We consider the remainder of the award, although itemized separately, as the general damage award for the mental pain, physical suffering and inconvenience endured by Cynthia as a direct result of the injuries sustained. Considering the itemized awards for residual disabilities it is seen that for these items of damage the trial court allowed the total sum of $50,-000.00, an amount which, in our opinion, under an interpretation of the evidence most favorable to plaintiff is excessive. As previously mentioned there is no evidence in the record to indicate that plaintiff suffered severe or excruciating pain. Although plaintiff did suffer a cerebral concussion the record clearly indicates that on the day following the accident her treating physician felt that she was alright at that time and, in any event, she was fully recovered from the concussion injury 5 or 6 days after the accident. With regard to the arm injury, by November 4, 1976, four months post accident, plaintiff was advised that she could resume normal activity except that she should avoid contact sports and by May 6, 1977, she was fully recovered except for the minimal residual disability for which she is separately compensated. With regard to the fractures of the mandible, she was discharged, requiring no further treatment, on January 24, 1977. Although Cynthia did miss the last semester of her senior year in high school, a circumstance which we know caused her much distress, she was tutored, did graduate, and although she may not have participated in all of the graduation activities, she was physically able to take part had she wished to do so. Cynthia has since entered college and candidly admits that her lifestyle has not changed.

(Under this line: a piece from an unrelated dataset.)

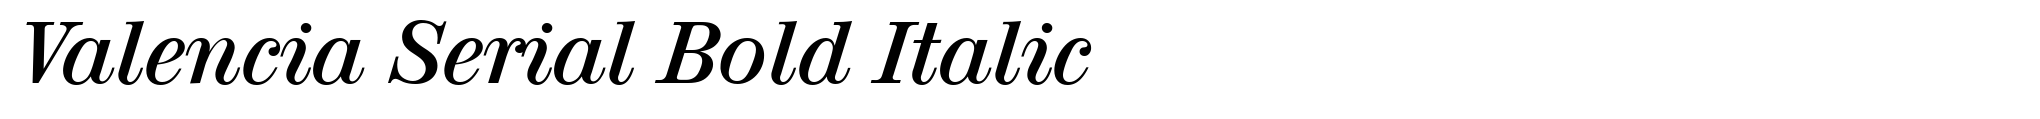 Valencia Serial Bold Italic image
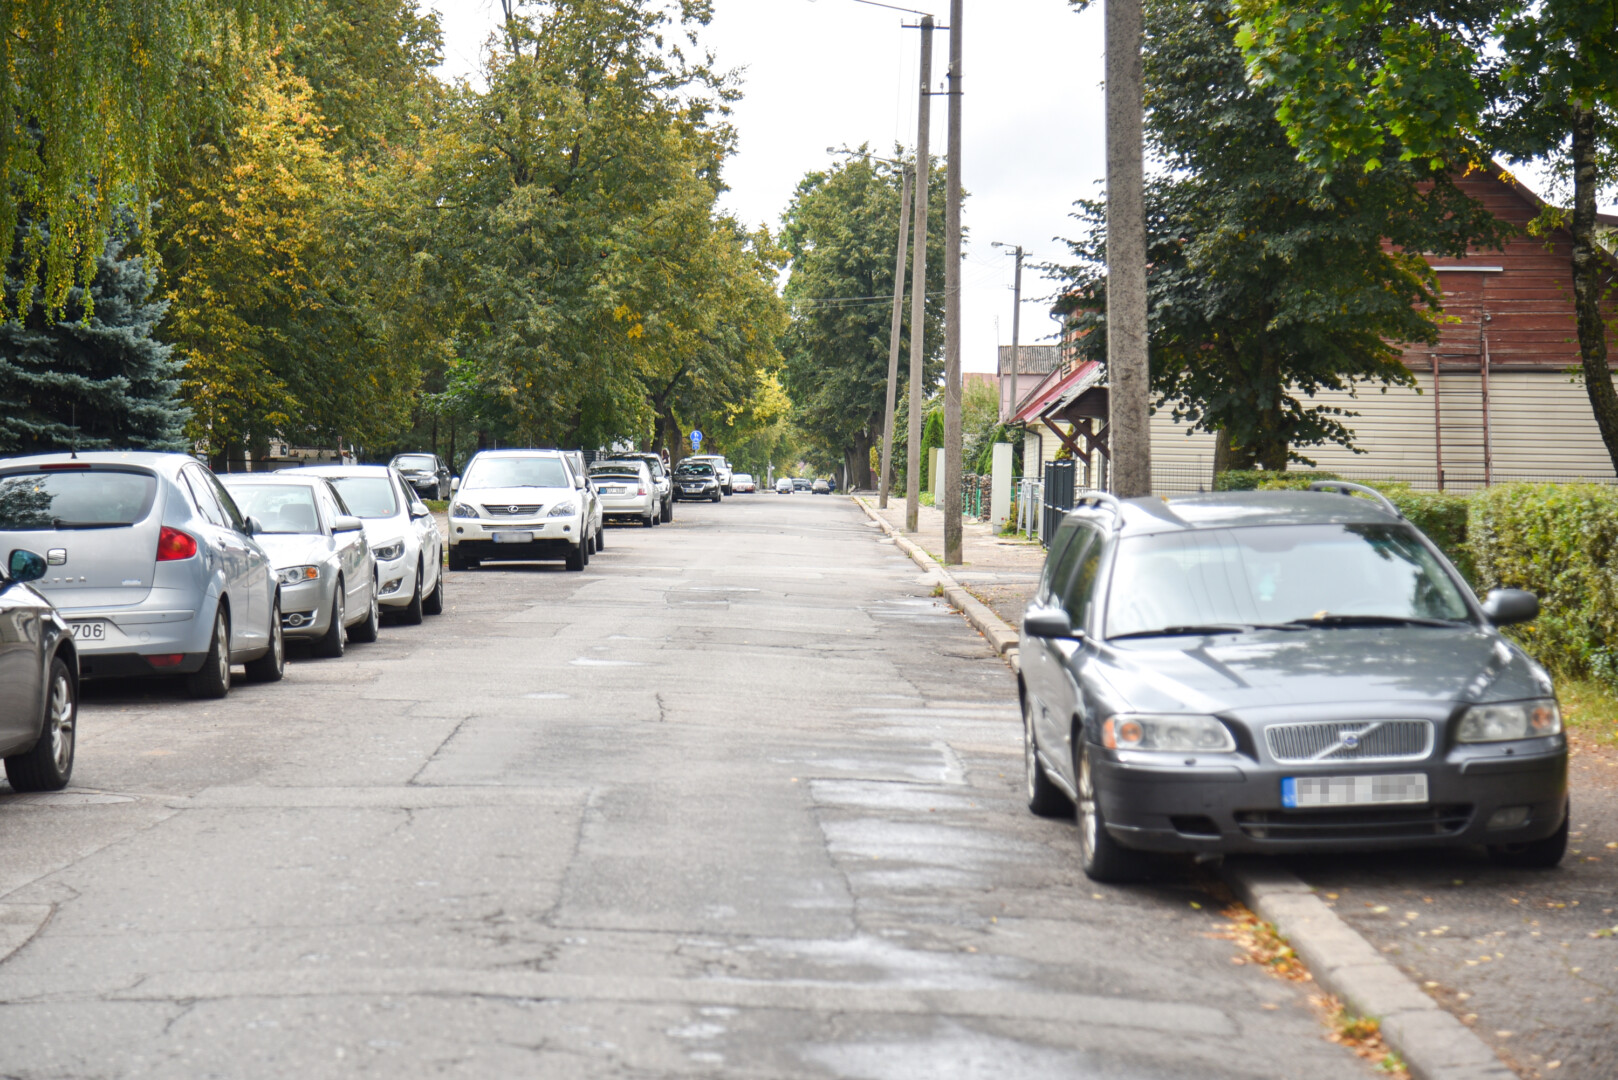 Nevėžio gatvė tapo dar viena vieta mieste, kur automobiliai rikiuojami nepaisant Kelių eismo taisyklių. P. ŽIDONIO nuotr.

For the reasons articulated above we conclude that the general damage award of the trial court, other than for residual disability, represents a clear abuse of the much discretion allowed the trial court by LSA-C.C. Article 1934(3).

In reducing this portion of the award we are mindful that such reduction is permissible only to the highest amount which could have reasonably been awarded by the trial court under an interpretation of the evidence most favorable to plaintiff. Viewing the evidence in this light; considering the particular effect on plaintiff of the particular injuries suffered; and, deriving such aid as is possible from the awards *1061made in similar cases,1 we conclude that the evidence supports a general damage award (other than for residuals) in the $15,000.00 to $30,000.00 range. Accordingly, we will reduce the award for all items of damage suffered by plaintiff, other than for residual disability, to the sum of $30,000.00.

For the above and foregoing reasons the judgment of the trial court is amended so as to reduce the general damage award to Cynthia Ann Thomisee from the sum of $86,500.00 to the sum of $66,500.00. In all other respects, the judgment of the trial court is affirmed. Costs of this appeal are to be borne by plaintiff-appellee.

AMENDED AND AFFIRMED.

. Bodie v. Government Employees Insurance Company et al., 349 So.2d 1327 (La.App. 1st Cir. 1977), writ refused; Campo v. George, 347 So.2d 324 (La.App. 4th Cir. 1977); Gallin v. Travelers Insurance Company, 323 So.2d 908 (La.App. 4th Cir. 1976) writ refused; Pickens v. State, Through Dept. of Highways, 346 So.2d 1325 (La.App. 3rd Cir. 1977); Geiger v. Hallmark, 355 So.2d 1031 (La.App. 4th Cir. 1978); Perigoni v. McNiece, 262 So.2d 407 (La.App. 4th Cir. 1972); Collier v. Maryland Casualty Company, 190 So.2d 481 (La.App. 1st Cir. 1966); and, Roberts v. The City of Baton Rouge, 238 So.2d 203 (La.App. 1st Cir. 1970).